Hon. Members know that there is a Road Fund, which receives the proceeds of the taxation on motor vehicles. This money was formerly raised from the tax on petrol, motor and horse-drawn vehicles; but since 1st January, 1921, the petrol tax has been abolished and the tax on motor vehicles has been the main source of revenue. It is from this Road Fund that the Ministry of Transport assists local authorities in the maintenance and improvement of certain roads. This money amounts to about £11,000,000, and less than £9,000,000 is devoted to road grants, which, of course, includes bridges. In 1914, on the recommendation of the Departmental Committee on Local Taxation, the Minister of Transport, with the approval of the Treasury, made grants during the financial year 1921–22 of 50 per cent. of the approved cost of class I roads and bridges, and 25 per cent. of the approved cost of class II roads and bridges. Nothing was given to the rural roads. This classification was based on the amount and nature of through traffic as distinguished from local traffic. The farmers' roads were left without any grant, and in sparsely populated districts, where the highway rates were highest, the increasing heavy traffic of a non-local character is a burden upon the highway authorities. These highway authorities found it very difficult to continue to carry on even when they received the class I or the class II grants.

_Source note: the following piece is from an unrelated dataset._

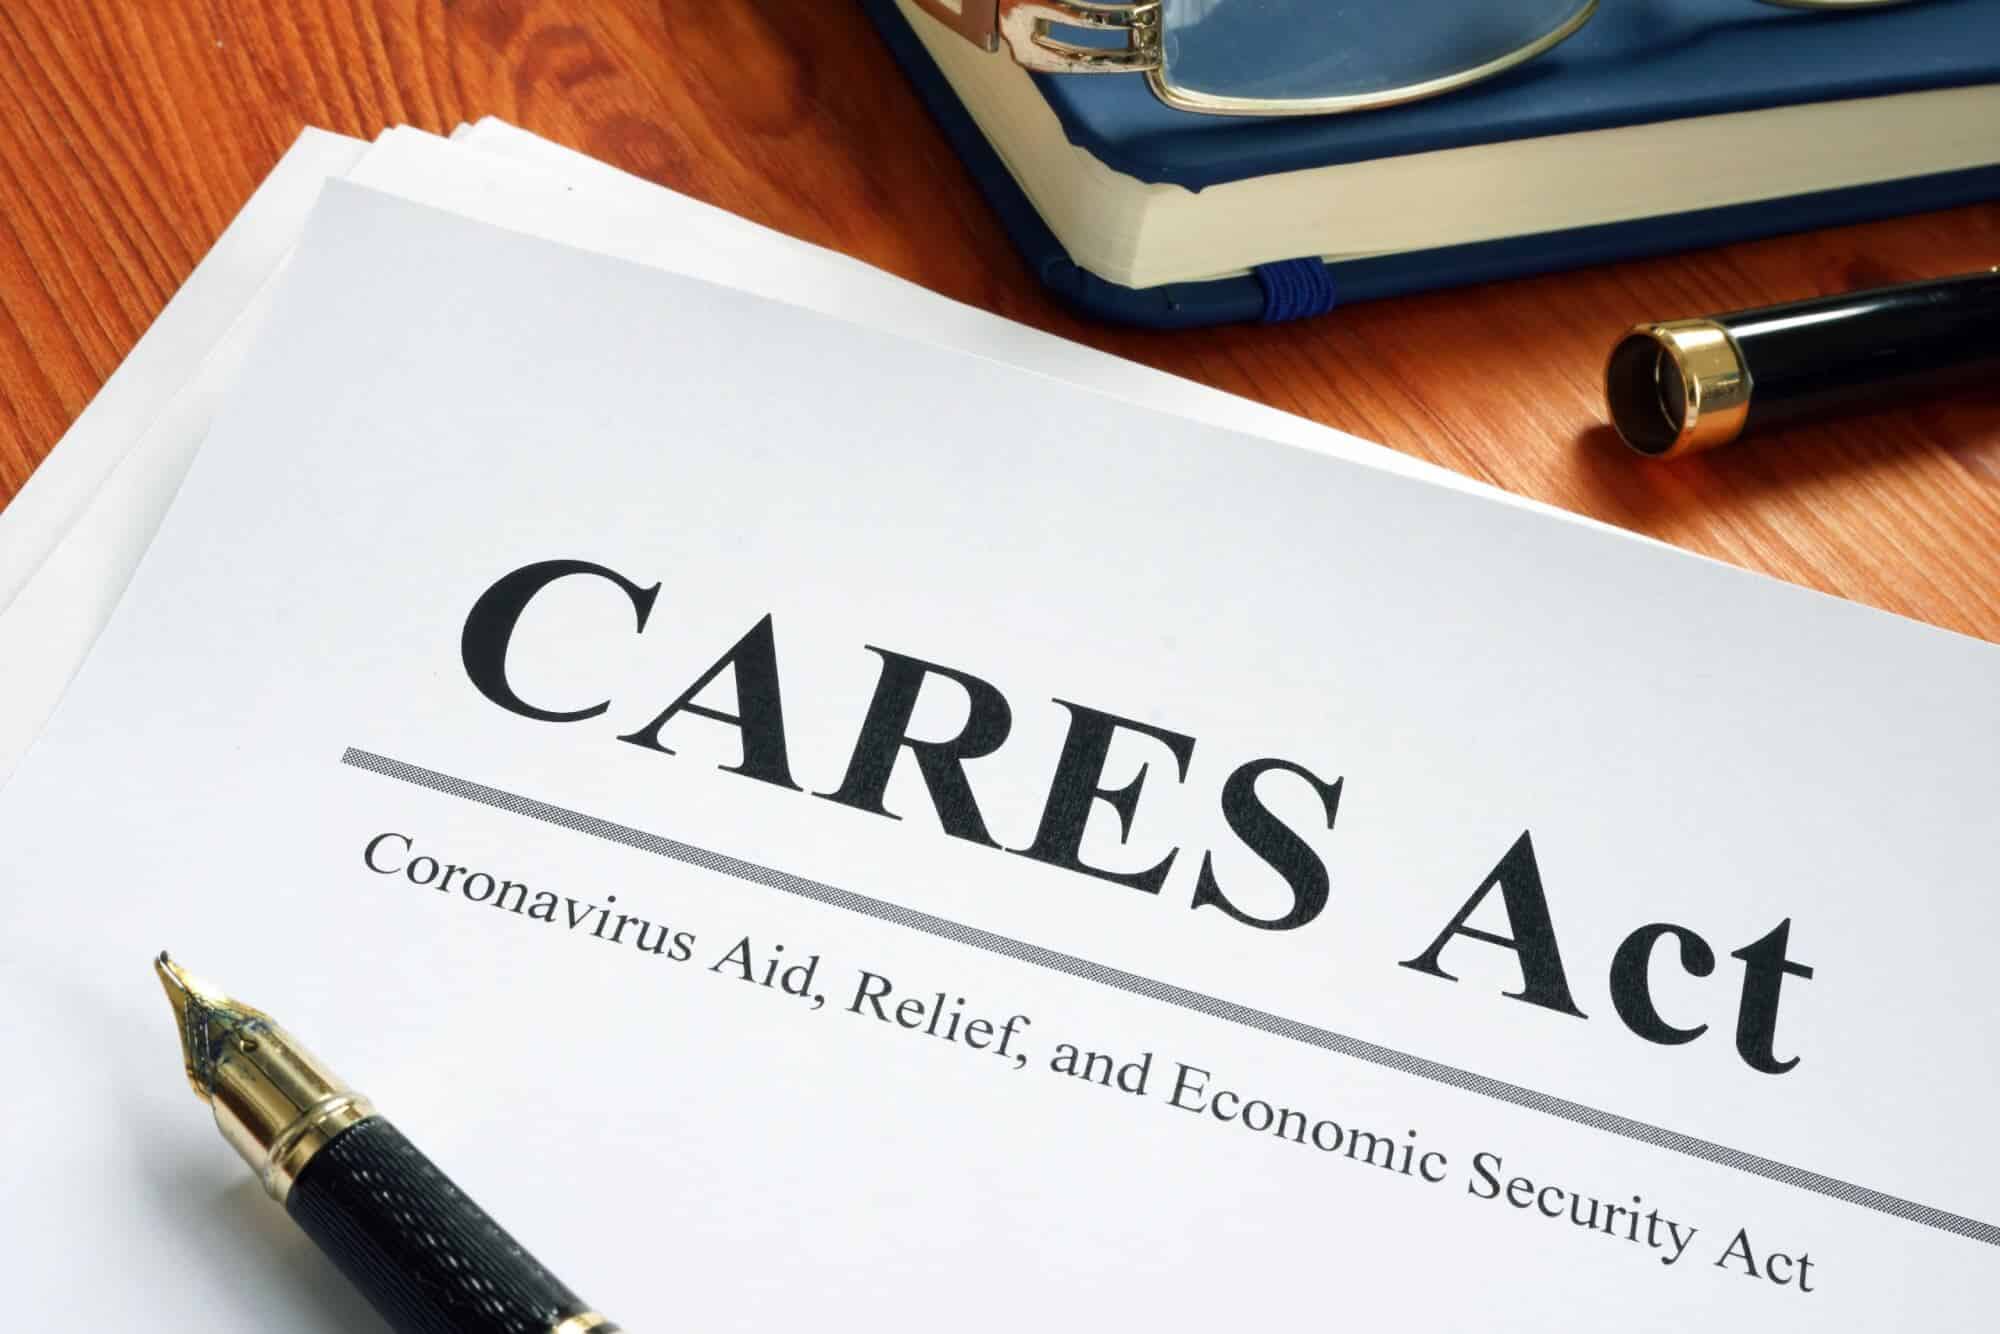 CARES Act - Coronavirus Aid, Relief, and Economic Security

It may be of interest to hon. Members to know that in Great Britain the total expenses that the local authorities were called upon to pay were in 1914–15, £19,000,000; in 1919–20, £28,500,000; and in 1922–23 it is estimated that the total may come out somewhere between £50,000,000 and £60,000,000. This has nothing to do with the increased expenditure which will accrue on the new roads when they have been made. I want the House to consider the estimate of the expense as between roads suitable for horses and roads suitable for motor traffic. This is for a typical stretch of road, pre-War and post-War. In the pre-War days the estimate for a piece of road suitable for the traffic of pre-War times was £270 per mile. Post-War, the estimated cost is £960 per mile. This is not a classified road, but if it were classified it would mean an additional £240 grant. Added to the £270 which makes £510, leaves £450 increased cost upon the local ratepayer. In pre-War days it was seldom that in the country one came across heavy motor vehicles. But in the post-War days it is not an uncommon thing to find heavy commercial vehicles travelling on the roads in almost every part of the country. Hon. Members may sometimes be fortunate enough to come up behind such vehicles on rather narrow roads. The driver, generally, is aware that he is entitled to half the road, but, unfortunately, he prefers that half in the centre. I am not going to say that the farmers do not derive any benefit from the increased introduction of motor traffic, but I must say that the money which comes, much of it out of the rates, is spent mostly on the main roads, which is not altogether pleasing to the farmer. Let me read a letter, which I received yesterday, from a farmer in my own constituency. He says:
County rates?
Yes. The net cost of roads per mile was £185 in 1910, £204 in 1915, and £618 in 1922. The net cost of roads per head of population was 3s. 7½d. in 1910, 3s. 3d. in 1915, and 10s. 7½d. in 1922. When you consider that this is on a mileage of 152,409 miles in England and Wales, and in that mileage there are of Class I roads 18,032 miles, which is 11·8 per cent., and of Class II roads 11,340 miles, or 7·4 per cent., it will be seen that 20 per cent. only of these roads are classified, which means that there are 80 per cent. unclassified, and therefore not entitled to grants. Scotland is a little better off, but I will leave some of my hon. Friends from the north of the Tweed to deal with the situation in that country, contenting myself with pointing out that roads extending to about 120,000 miles out of 152,409 in England and Wales are entitled to no grant at all The reason given is that motors only use the main roads. We all know this is not a fact. Every day one can see heavy motors going about the country on various errands and using practically every road—even roads which are unfit for that class of traffic. If all roads are used in this way, then all should share in the motor tax instead of only 20 per cent. On the ground that users should pay for the road, the old toll gate system was a very good one, and, to say the least of it, was fair. I do not wish to trespass further on the time of the House, and therefore will not deal with the question of motor taxation in proportion to use, or with the question of giving encouragement to British industry by differentiating between British and foreign made motors. I will close by apologising for having occupied so much time; I fear I have but inadequately dealt with a very important subject, but I hope some measure of justice will be done to those whose very existence is at stake in connection with this matter, and I hope the Government and the House will see their way to accept this Motion.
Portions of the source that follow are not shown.